Dalam pesannya kepada ketua terpilih dan jajaran pengurus, Abdurrahman Amin mengingatkan bahwa jabatan dalam organisasi bersifat sementara.
Kepemimpinan tidak dimaknai sebagai tujuan akhir, melainkan amanah yang dijalani dalam periode tertentu.
“Jabatan itu periodik. Bisa tiga tahun, lima tahun, selesai. Tapi bagaimana kita memperlakukan sesama pengurus dan anggota, itu akan melekat hingga akhir hayat,” ujarnya.
Sementara itu, Ketua PWI Kukar terpilih periode 2025–2028, Andi Wibowo, menyampaikan komitmennya untuk membawa PWI Kukar menjadi organisasi yang profesional, berintegritas, dan sejahtera. Visi tersebut menjadi arah utama kepengurusannya selama tiga tahun ke depan.
Dalam visi yang diusung, Andi Wibowo menekankan penguatan kualitas wartawan sebagai kunci menjaga kepercayaan publik terhadap pers.
Profesionalisme, menurutnya, harus dibangun melalui peningkatan kompetensi dan pemahaman etika jurnalistik secara berkelanjutan.
Untuk mewujudkan visi tersebut, ia merumuskan sejumlah misi strategis.
“Di antaranya dengan meningkatkan profesionalisme wartawan melalui pendidikan dan pelatihan berkelanjutan, serta memperkuat peran PWI dalam advokasi dan perlindungan anggota,” ungkapnya.

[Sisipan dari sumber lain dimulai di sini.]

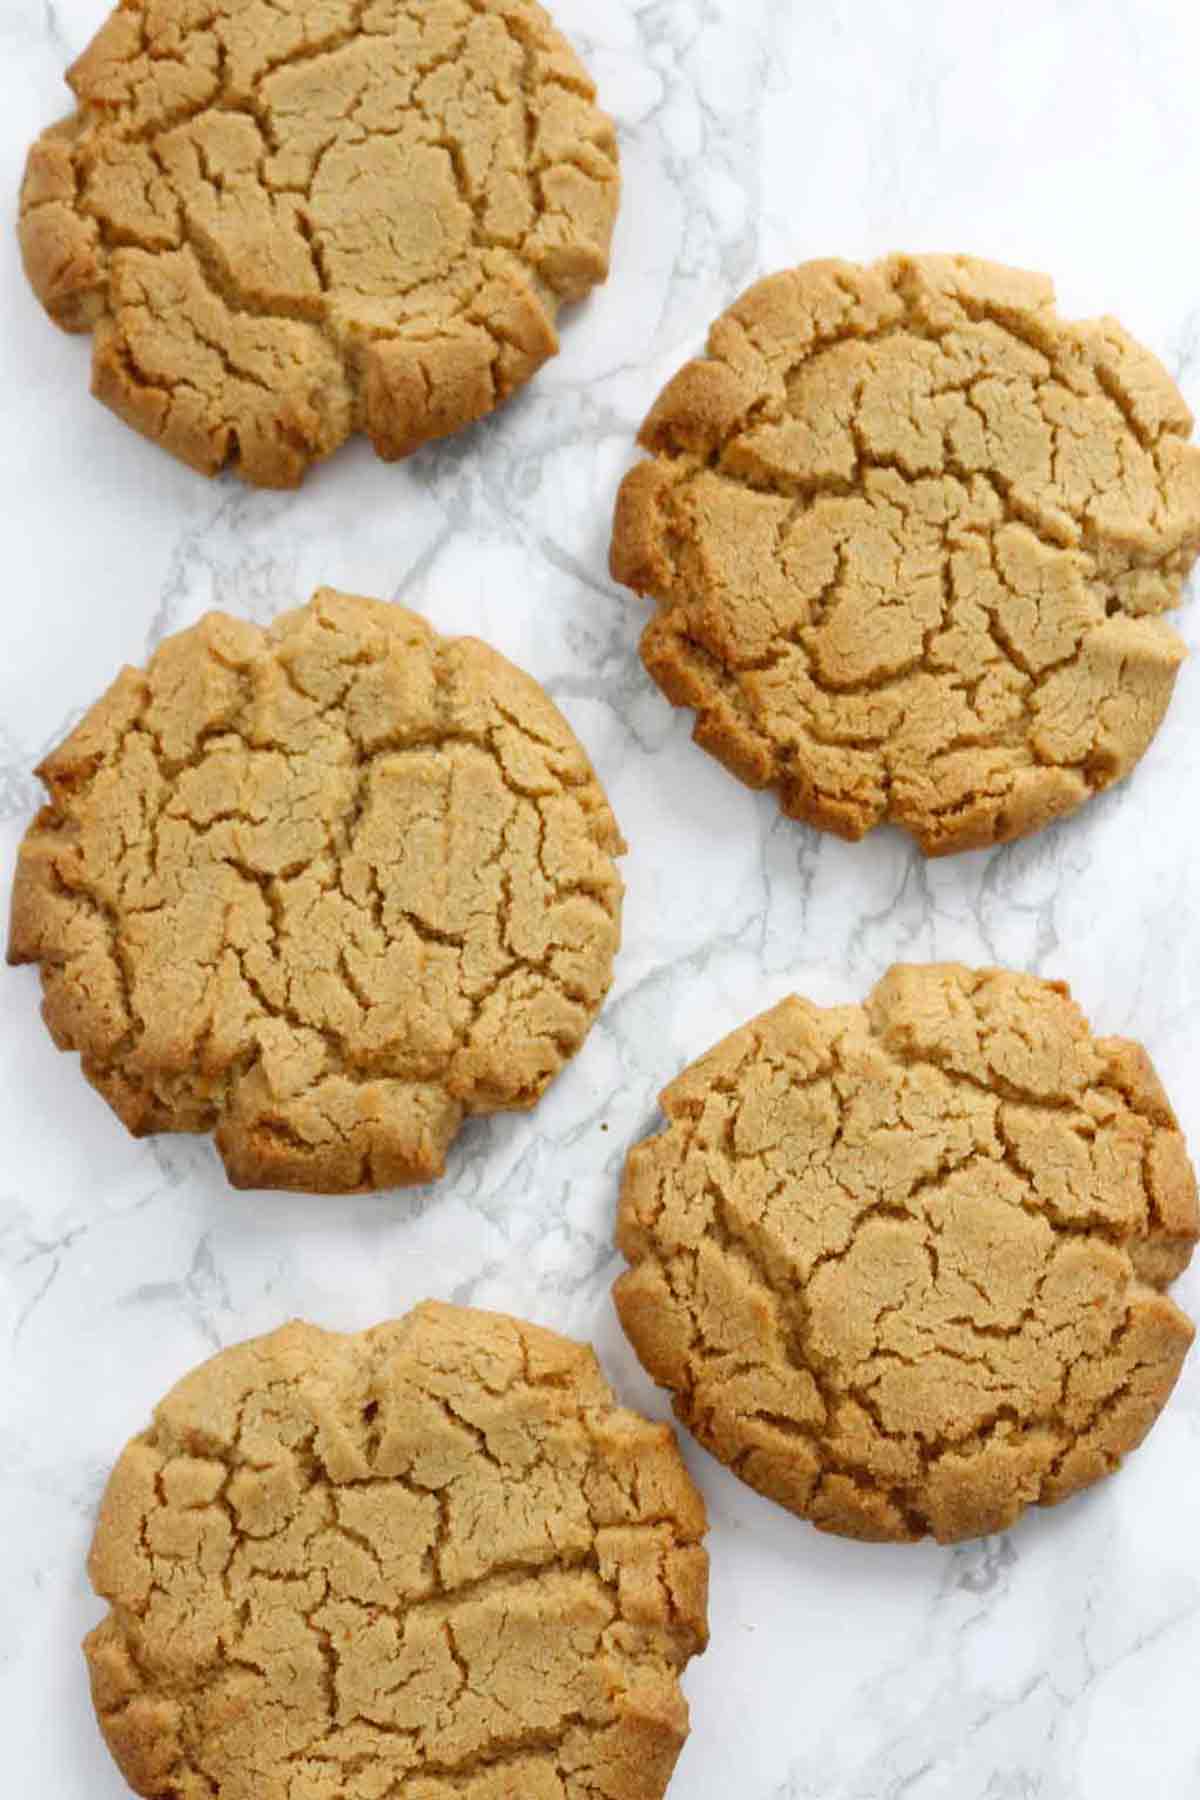 Vegan Peanut Butter Cookies On A White Surface

Selain itu, Andi Wibowo juga menekankan pentingnya membangun kemitraan yang sehat dengan pemerintah, stakeholder, dan masyarakat, tanpa menghilangkan independensi pers.

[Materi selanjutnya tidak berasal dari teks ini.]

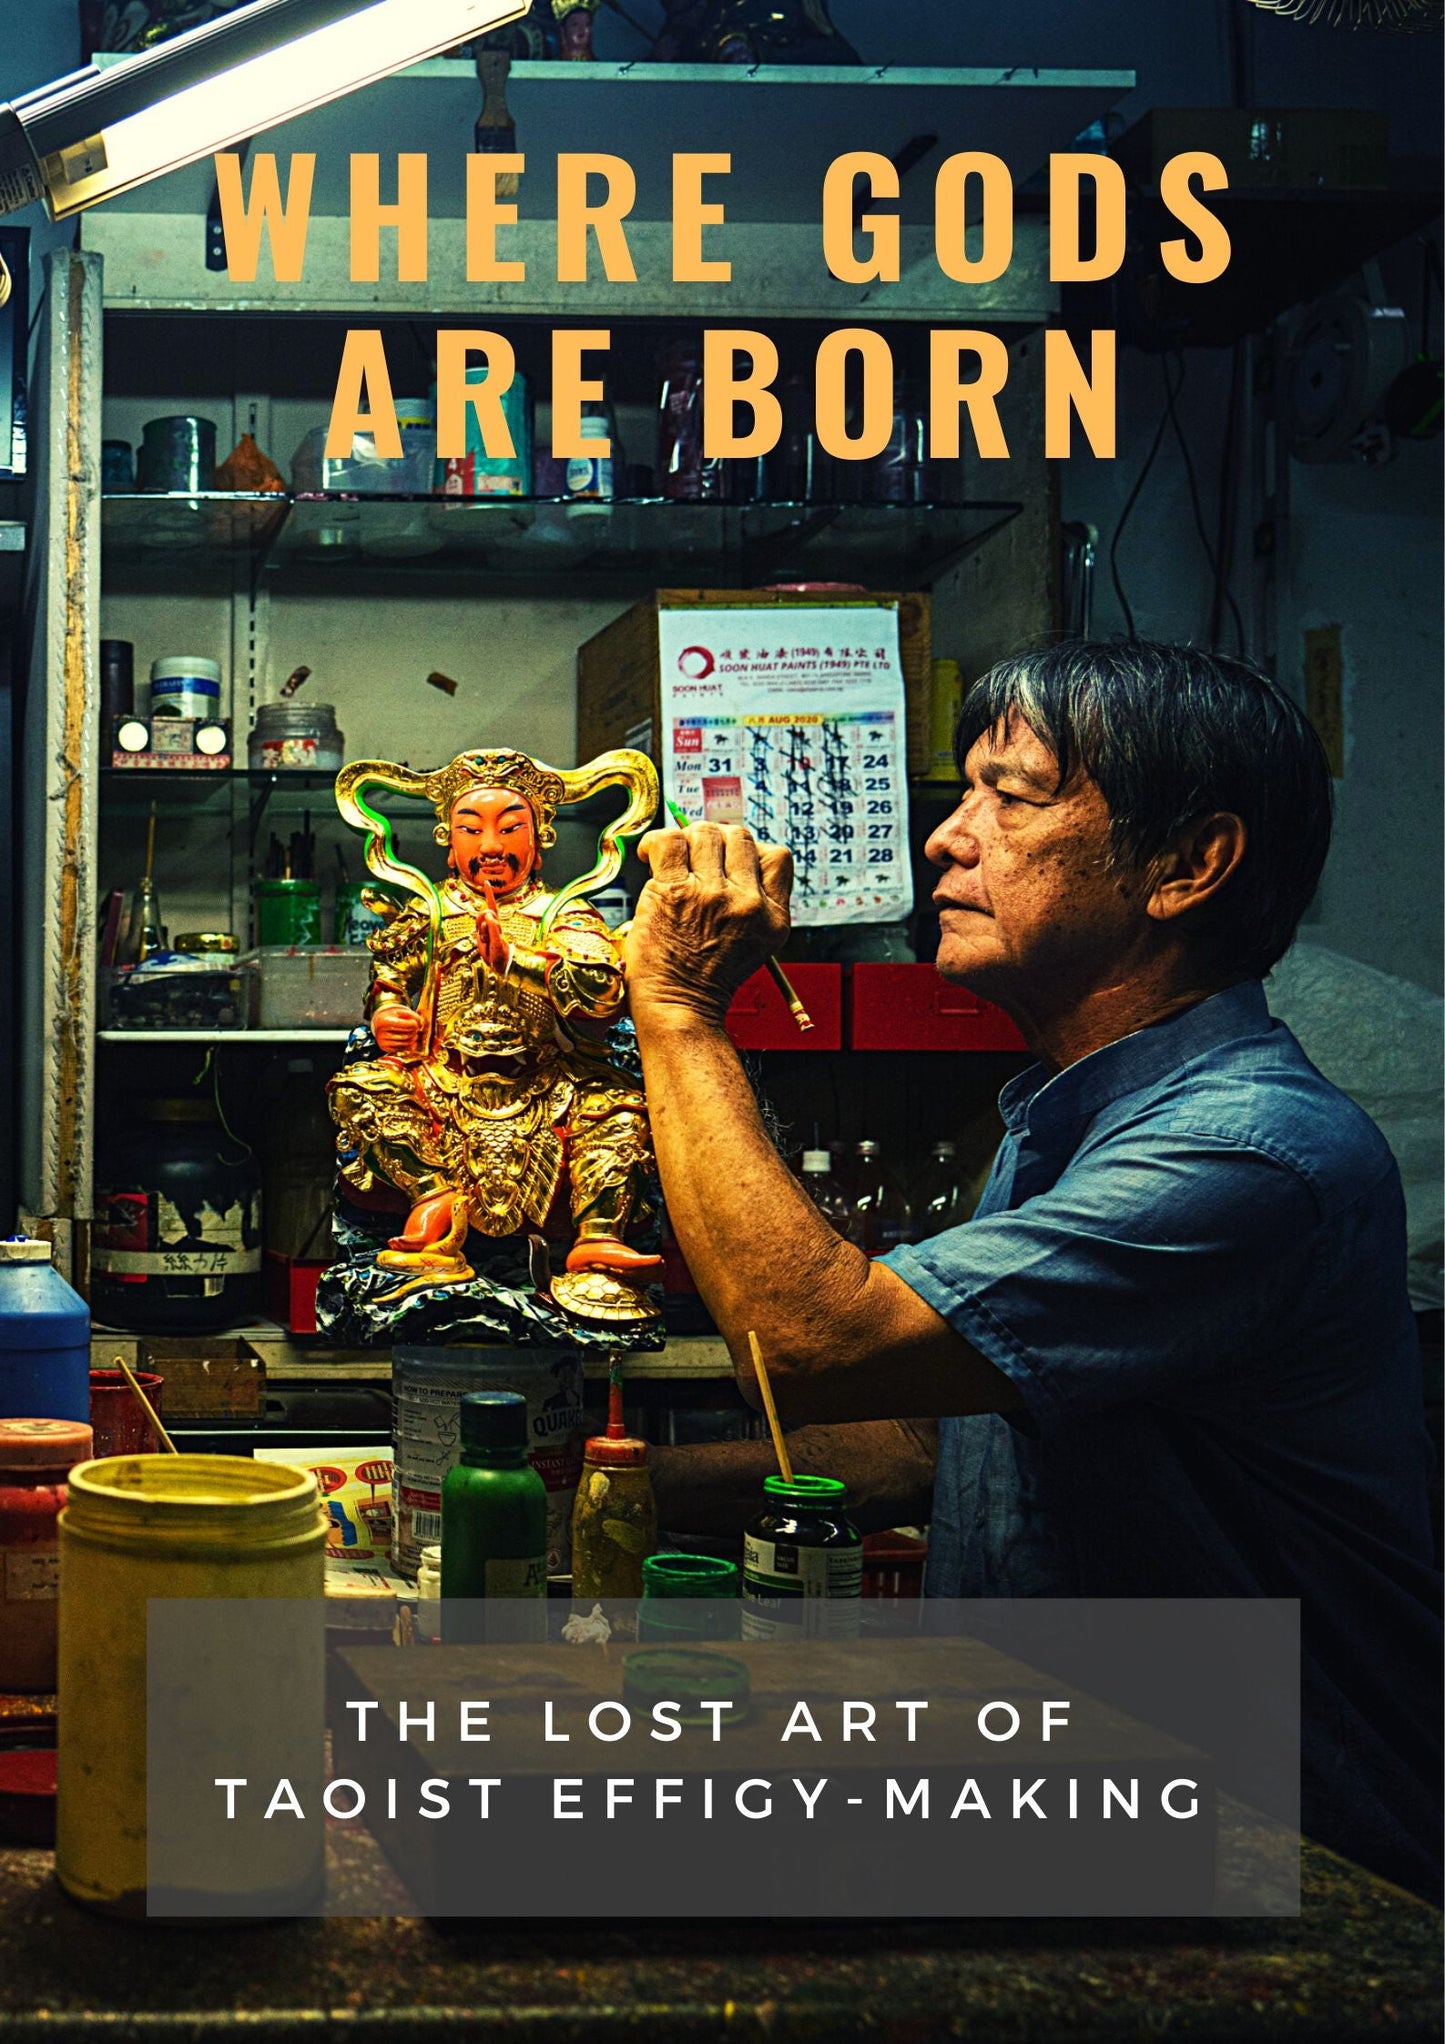 Discover the lost art of Taoist effigy-making

Kemitraan tersebut diharapkan mampu mendukung program-program PWI Kukar secara berkelanjutan.
Isu kesejahteraan wartawan juga menjadi perhatian utama.
“Tak lain, memperjuangkan peningkatan kesejahteraan dan kemandirian ekonomi wartawan, sebagai bagian tak terpisahkan dari upaya meningkatkan kualitas kerja jurnalistik,” pungkasnya.(*)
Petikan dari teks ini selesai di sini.